Overall Ive been getting the impression that GGT is probably a more important market for more things. Having said that if one does have higher than ideal ferritin levels and you can " give it away" somewhere it would do some good that seems like a no brainer ! if I come across any better support for th actual numbers I will post it. Because the normal data is an average of everyone most of it will be wider range/ higher / lower than optimal depending on circumstance.
 
Never checked my ferritin level. GGT is a liver enzyme and doesn't mean much just by itself. Diabetics can't donate blood. What the OP is talking about is therapeutic phlebotomy. They chuck the blood in the trash. Not sure what good that does unless one has polycythemia which is not common and not always treated with phlebotomy either.
 
What the OP is talking about is therapeutic phlebotomy. They chuck the blood in the trash. Not sure what good that does unless one has polycythemia which is not common and not always treated with phlebotomy either.

I have seen body builders using blood letting for reducing haemacritic levels, including plasma, something to do with taking testosterone supplements - all on American websites. I find this unbelievable.

Can anyone tell me if the measurement units U/L and i.u/L are the same things?

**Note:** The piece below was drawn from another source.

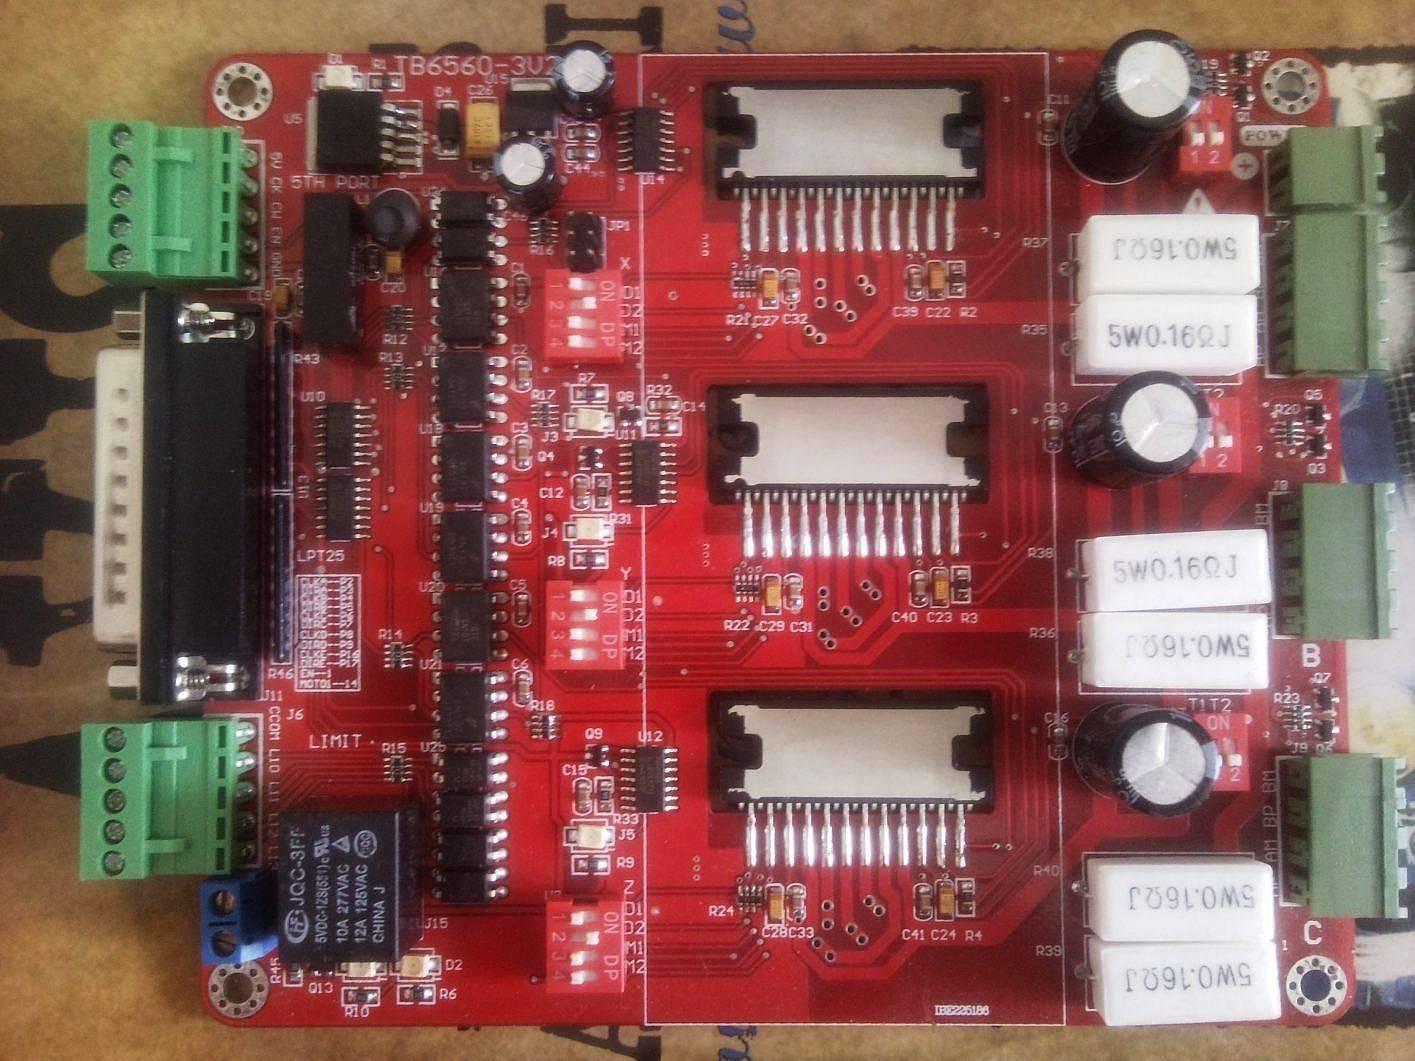 TB6560-3V2 RED.jpg
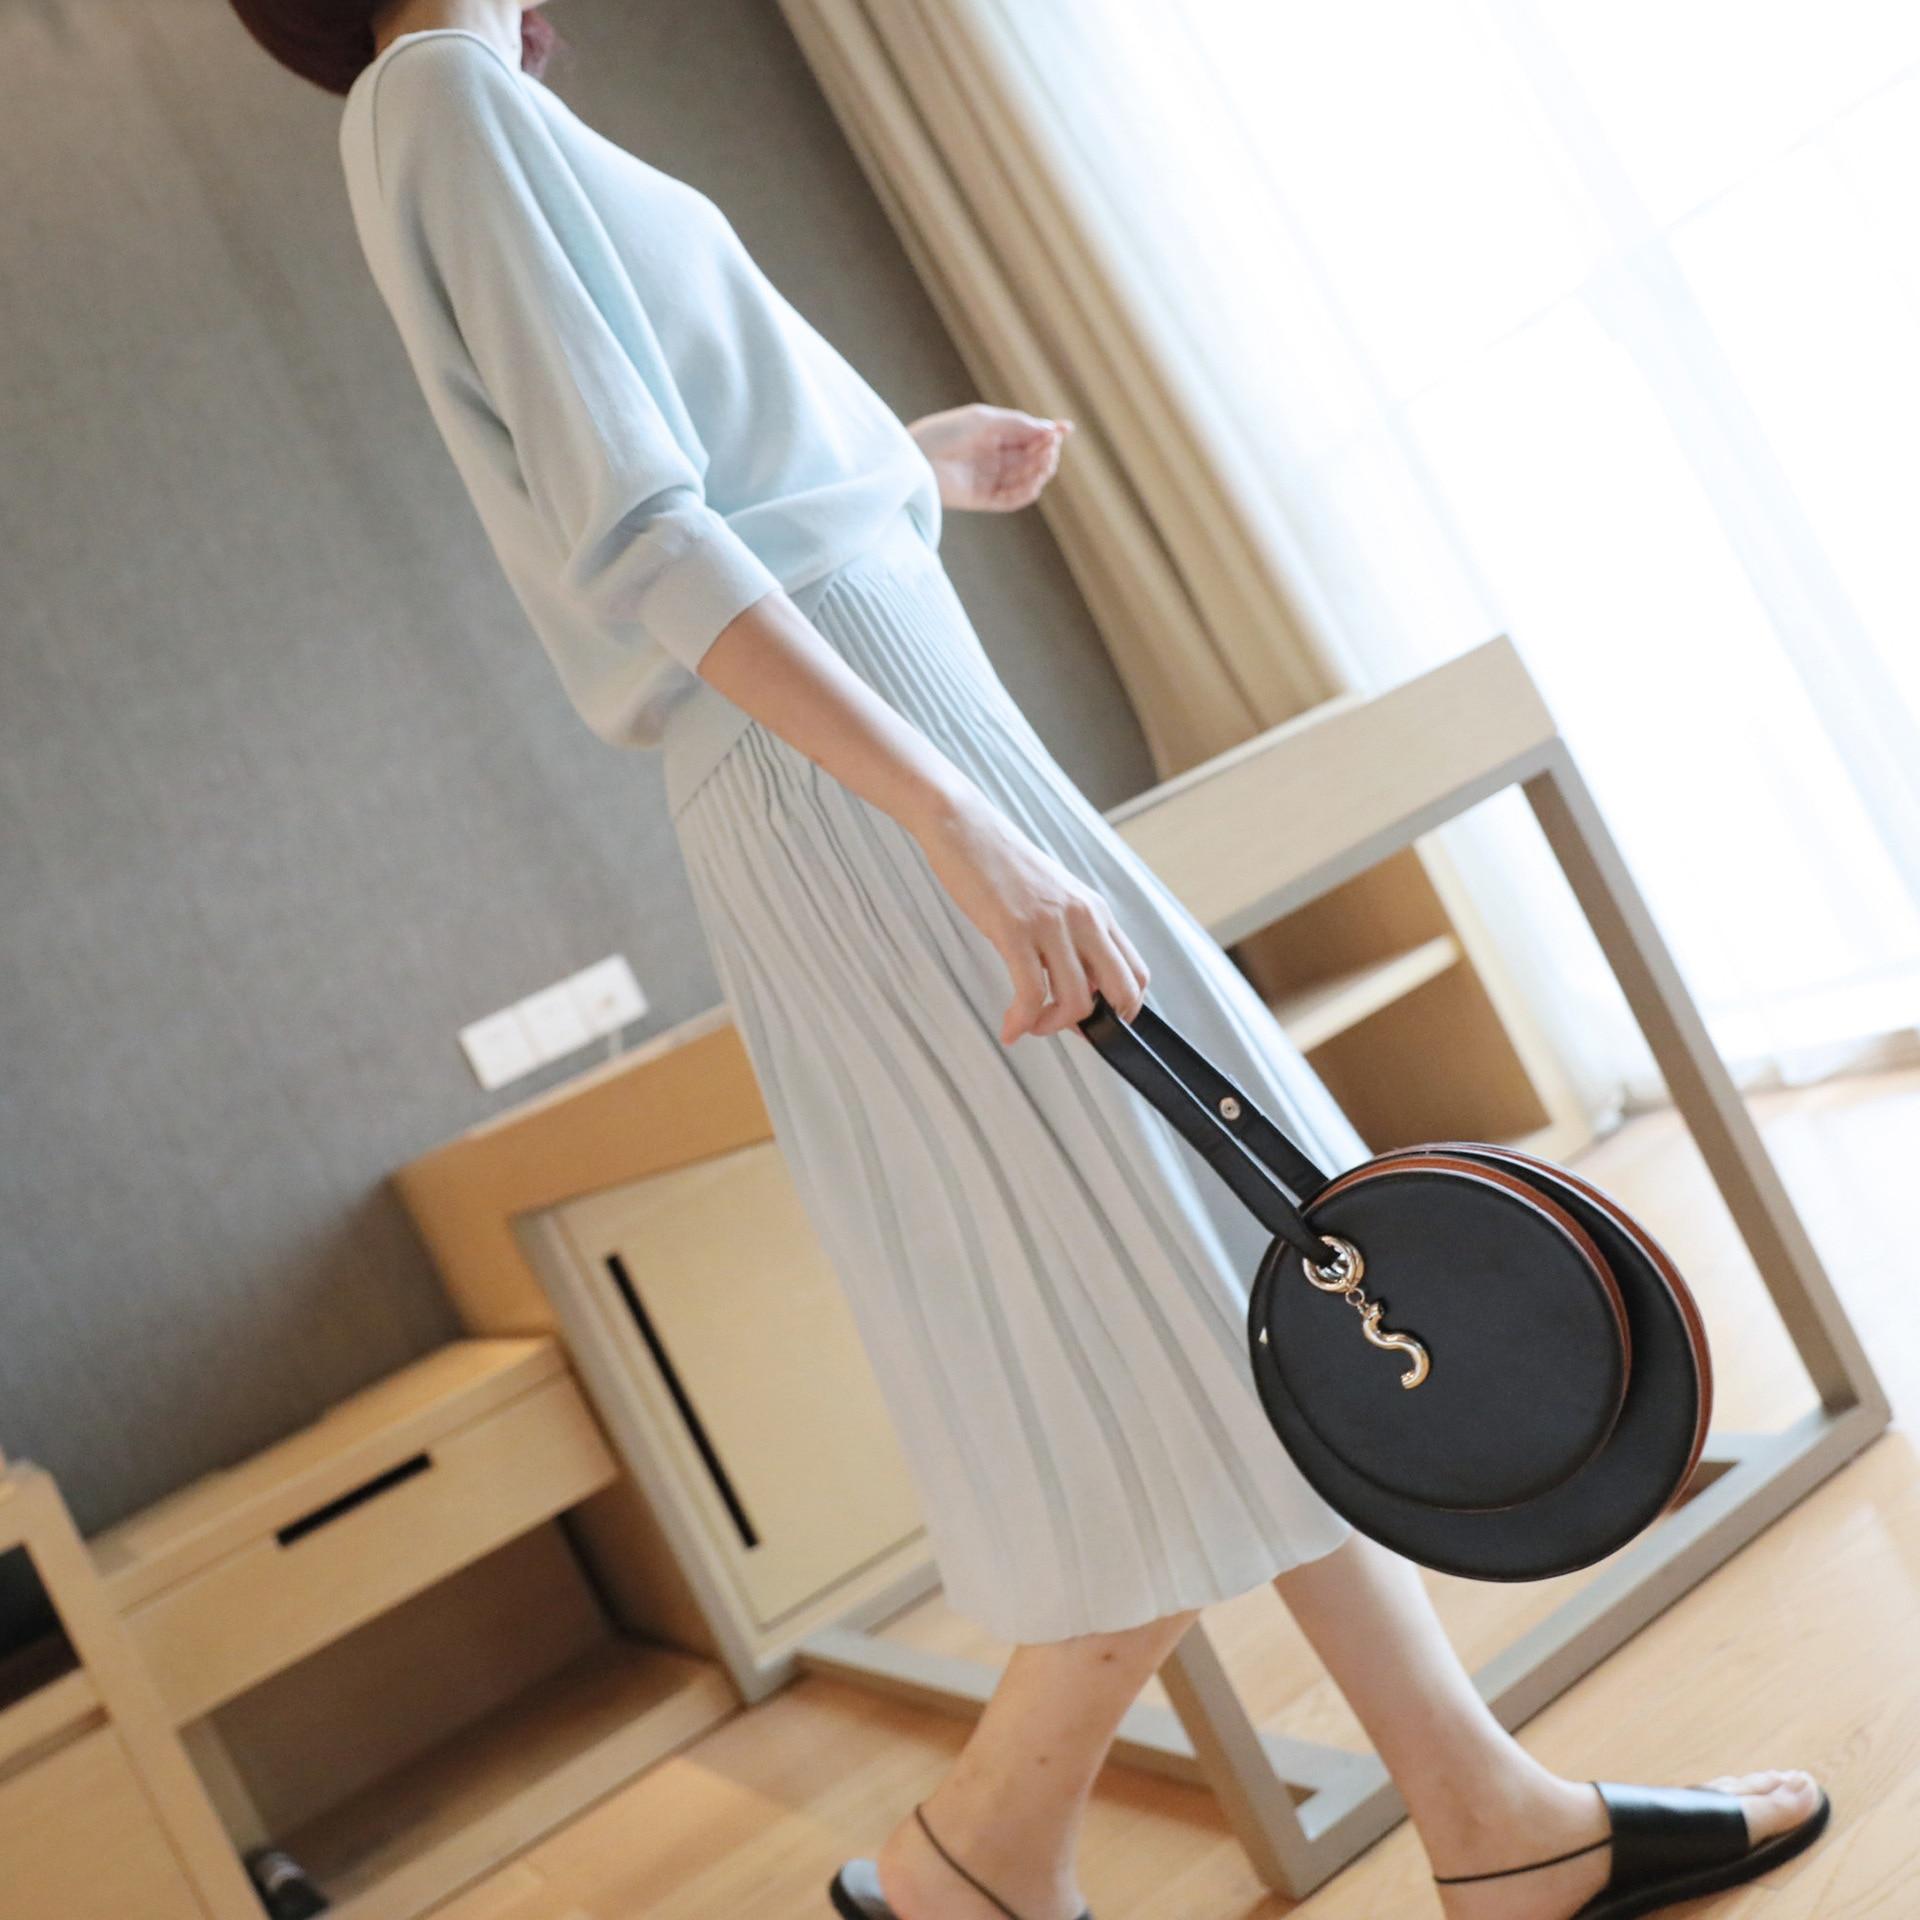 Las blue Falda 2018 black Traje Dos Punto Piezas De Nuevo Flojo Apricot Otoño Temperamento Moda Suéter Mujeres 5XwavpqB

My GGT is 14 i.u/L but my ferritin is way above what Mercola is saying. It is 133ug/L
 
They are not to keen on my blood either, Myasthenia Gravis though you can't pass it on via blood donation I have been told.
That puts me out too! (I never knew that!) - I wonder if it affects organ donation as well? MMMMMM?
 
Never checked my ferritin level. GGT is a liver enzyme and doesn't mean much just by itself. Diabetics can't donate blood. What the OP is talking about is therapeutic phlebotomy. They chuck the blood in the trash. Not sure what good that does unless one has polycythemia which is not common and not always treated with phlebotomy either.
Type 2 diabetics can donate blood. What good therapeutic phlebotomy would do is get rid of excess iron, according to the the link the OP provided.

GGT results may not mean much, but elevated levels indicate a problem with your liver. That's rather important.